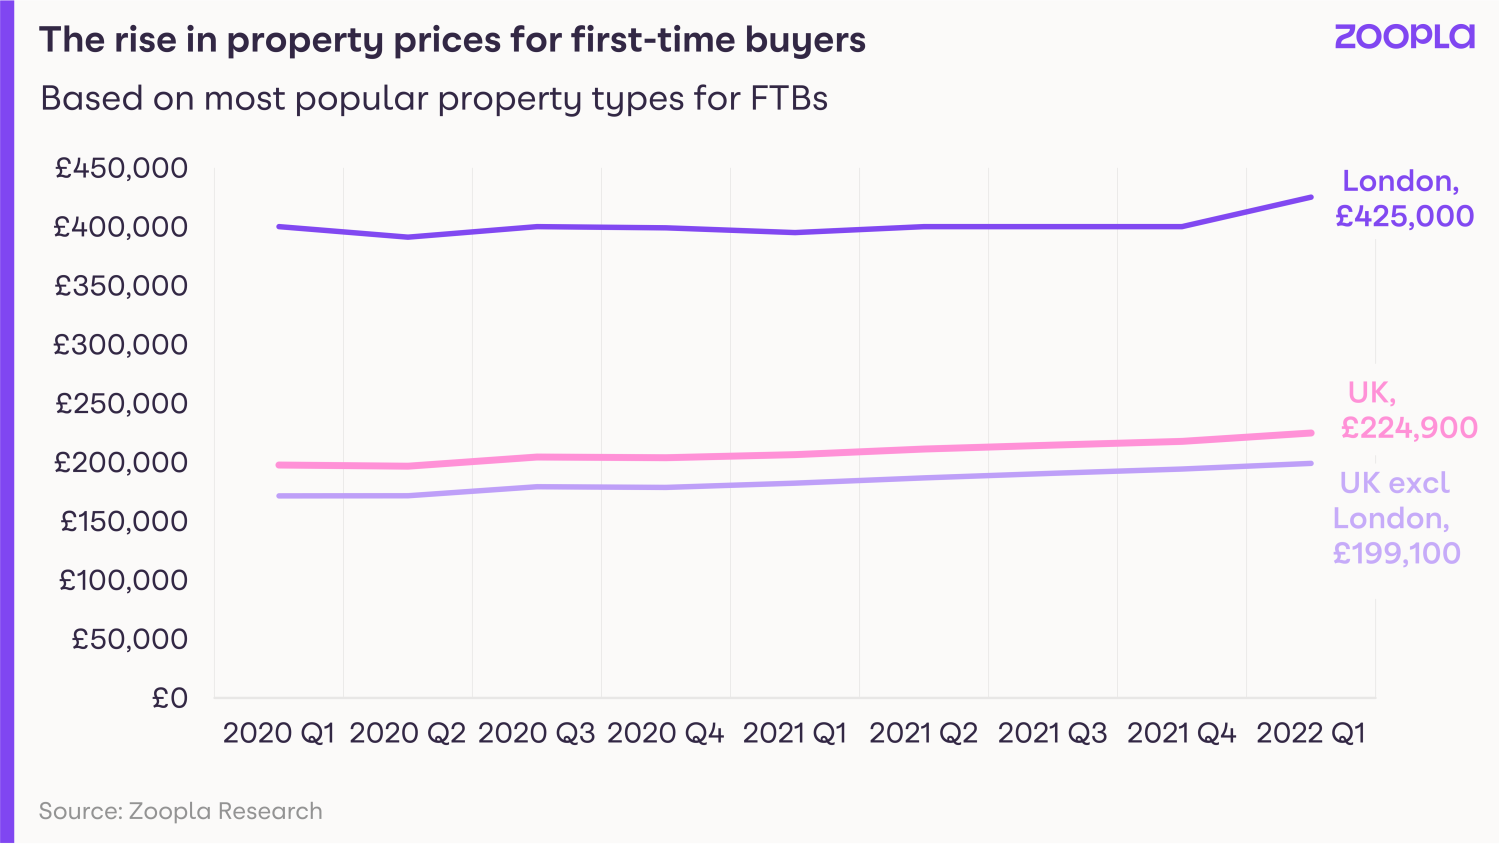 HPI March 2022 - rise in property prices for first-time buyers
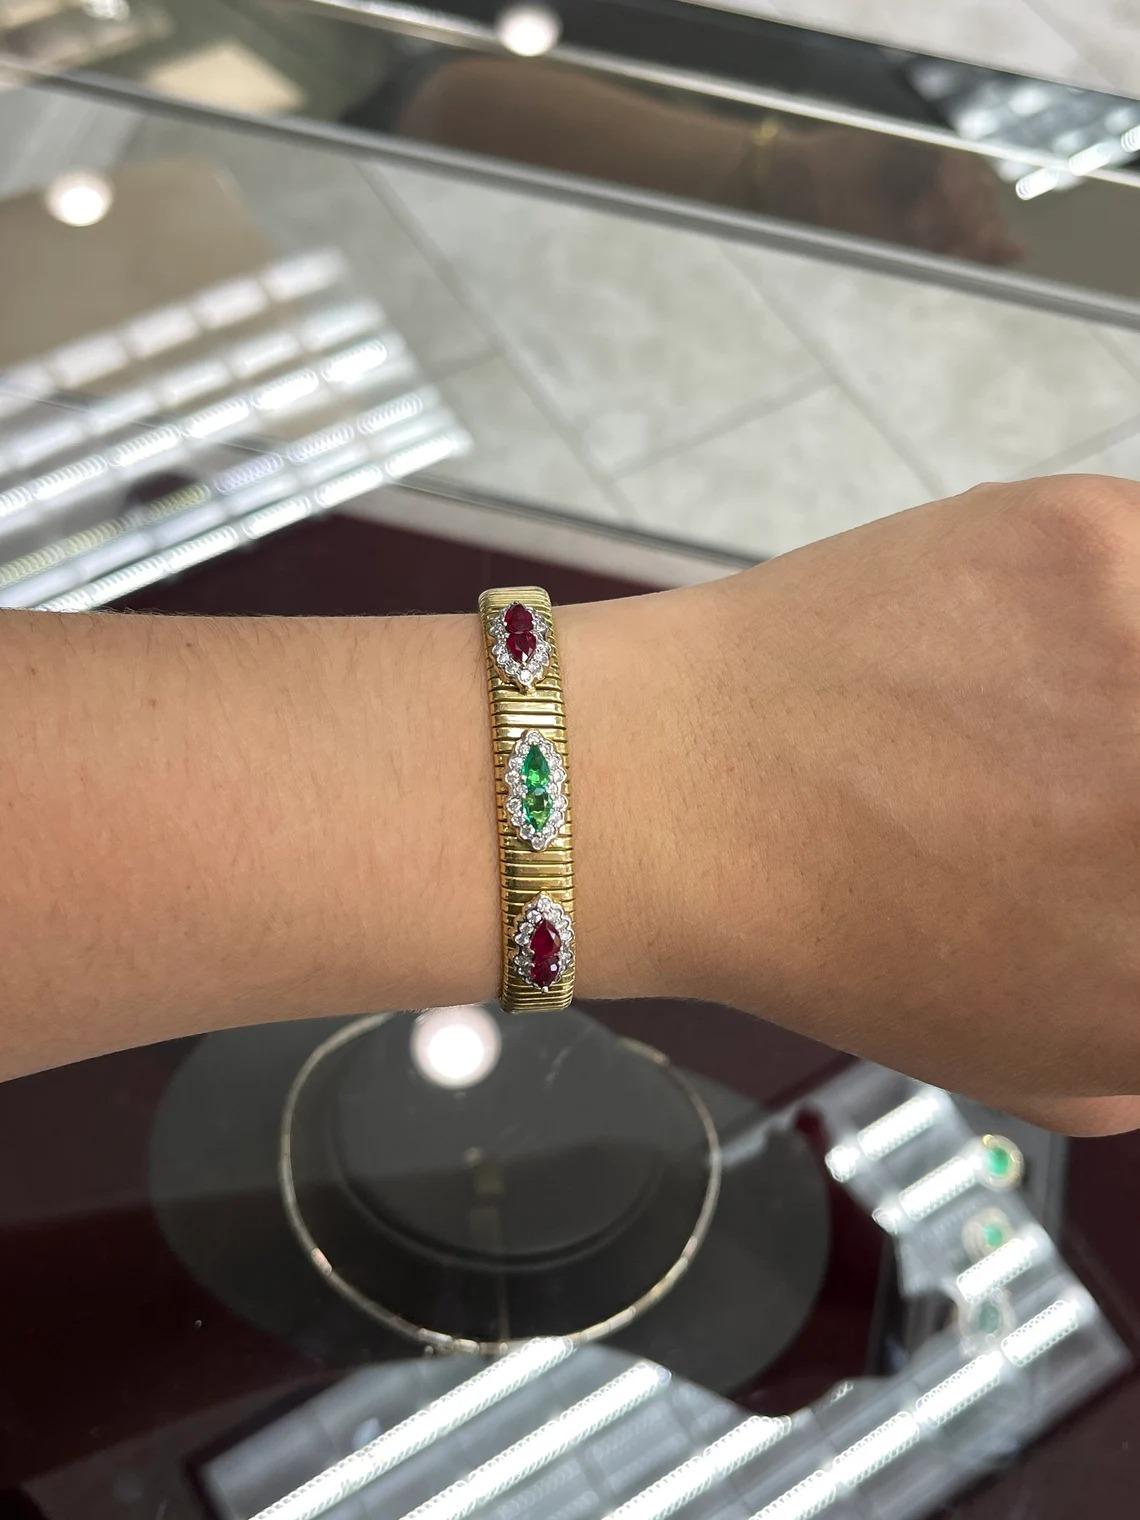 Bracelet Style: Bangle
Bracelet Length: -inches
Bracelet Width: 10.20mm

Setting Style: Bezel
Setting Material: 14K Yellow Gold
Setting Weight: 32.3 Grams

Main Stone: Emerald
Shape: Pear Cut
Weight: 0.60-Carats (Total)
Clarity: Transparent
Color:

◇ ◇ ◇ ◇ ◇

• _About this exercise_: Exact copies of the lines from the one containing "Setting Weight: 32.3 Grams" through the end of the listing, both included, are the only thing wanted.

• _Expected answer_:
Setting Weight: 32.3 Grams

Main Stone: Emerald
Shape: Pear Cut
Weight: 0.60-Carats (Total)
Clarity: Transparent
Color:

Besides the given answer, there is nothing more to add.